# Freeware PHP-Editor für Windows Vista



## boykottke (14. Dezember 2007)

Hey,

In der Vergangenheut war ich stolzer Nutzer von Maguma Open Studio. Und ganz ehrlich: Es war ein wirklich tolles Programm. Dummerweise mag Windows Vista dieses Programm nicht mehr und noch schlimmer: Seit heute bin ich Besitzer eines Laptops mit Windows Vista. IDE for PHP des Programms wird nicht mehr ausgeführt und irgendwie könnt ich deshalb kotzen.

Nun ist meine Frage, da ich sicher bin, dass hier wer schon das selbe Problem hatte: Welchen Freeware-PHP-Editopr nutzt ihr jetzt unter Vista? 

Nebenbei die Frage auch, wie man unter Vista eine TEstversion von IE6 zum Laufen bekommt...

LG,

Thomas


----------



## maeTimmae (14. Dezember 2007)

Bisher hatte ich leider noch keine Chance, das PDT effektiv zu nutzen, jedoch arbeite ich sehr gerne mit Eclipse, wenn es um GUI-lose Java- oder C++ Applikationen geht, könnte mir also auch vorstellen, dass die PHP Erweiterung für Eclipse ganz gut verwertet werden kann.


----------



## ByeBye 182971 (14. Dezember 2007)

Also ich kann dir nur 2 Editoren empfehlen: (PHP-)Eclipse, Zend Studio (keine Freeware)

Zur Zeit nutze ich Zend aber Ecplise hatte ich auch sehr lange genutzt. Ist ja schließlich auch gut für mehrere Programmiersprachen


----------



## Maik (14. Dezember 2007)

Hi.


boykottke hat gesagt.:


> Nebenbei die Frage auch, wie man unter Vista eine TEstversion von IE6 zum Laufen bekommt...


http://tredosoft.com/IE6_For_Vista_Part_1


----------



## boykottke (15. Dezember 2007)

Hey, danke für die Replys...

Ich werd es wohl mal mit Eclipse versuchen.

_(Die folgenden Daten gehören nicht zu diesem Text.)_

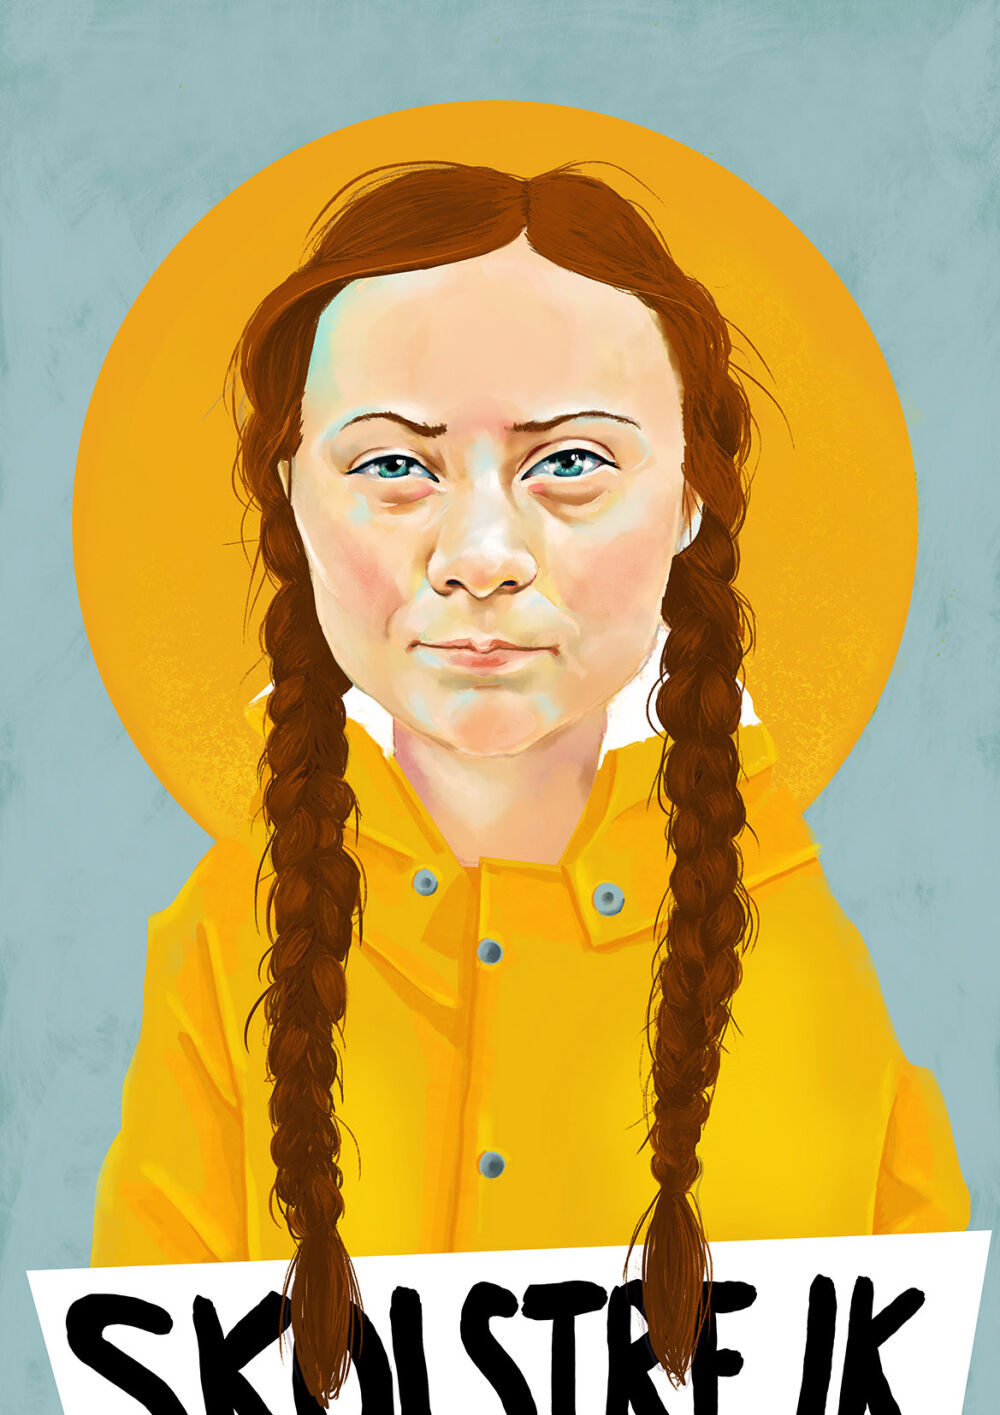 Portrait of Greta Thunberg by Eplet

Im Zweifelsfall werde ich es auch mal mit Zend probieren... 

@Maik: Ich hatte den Artikel gelesen, aber irgendwo stand, das wäre nur eine zeitlich beschränkte Lösung?


----------



## bensky (16. Dezember 2007)

Du solltest direkt Zend nehmen, ich habe viele Probiert, viele Open Source waren auch ganz gut und dann habe ich Zend getestet und dann....tatsächlich gekauft! 
Ich liebe es 

Zend ist zwar erst etwas viel und verwirrend,....nach 1,2 Funktionen oder Klassen wirst du es aber lieben


----------



## boykottke (17. Dezember 2007)

Hey, Bensky, 

da ich sowieso auf der Suche nach einer professionellen Lösung bin, werd ich das mal im Auge behalöten. Für den Übergang bleib ich aber erst mal bei Freeware. Nach der Investition in den neuen Laptop (okay, es wurde Zeit, nachdem schonm vor über zwei Jahren bei meinem Alten ein wenig Bier durch die Tastatur sickerte, weil ich ihn bei einer Präsentation nicht genug vor Zuschauern gesichert hatte) sieht es auf meinem Konto derzeit ein wenig mau aus... 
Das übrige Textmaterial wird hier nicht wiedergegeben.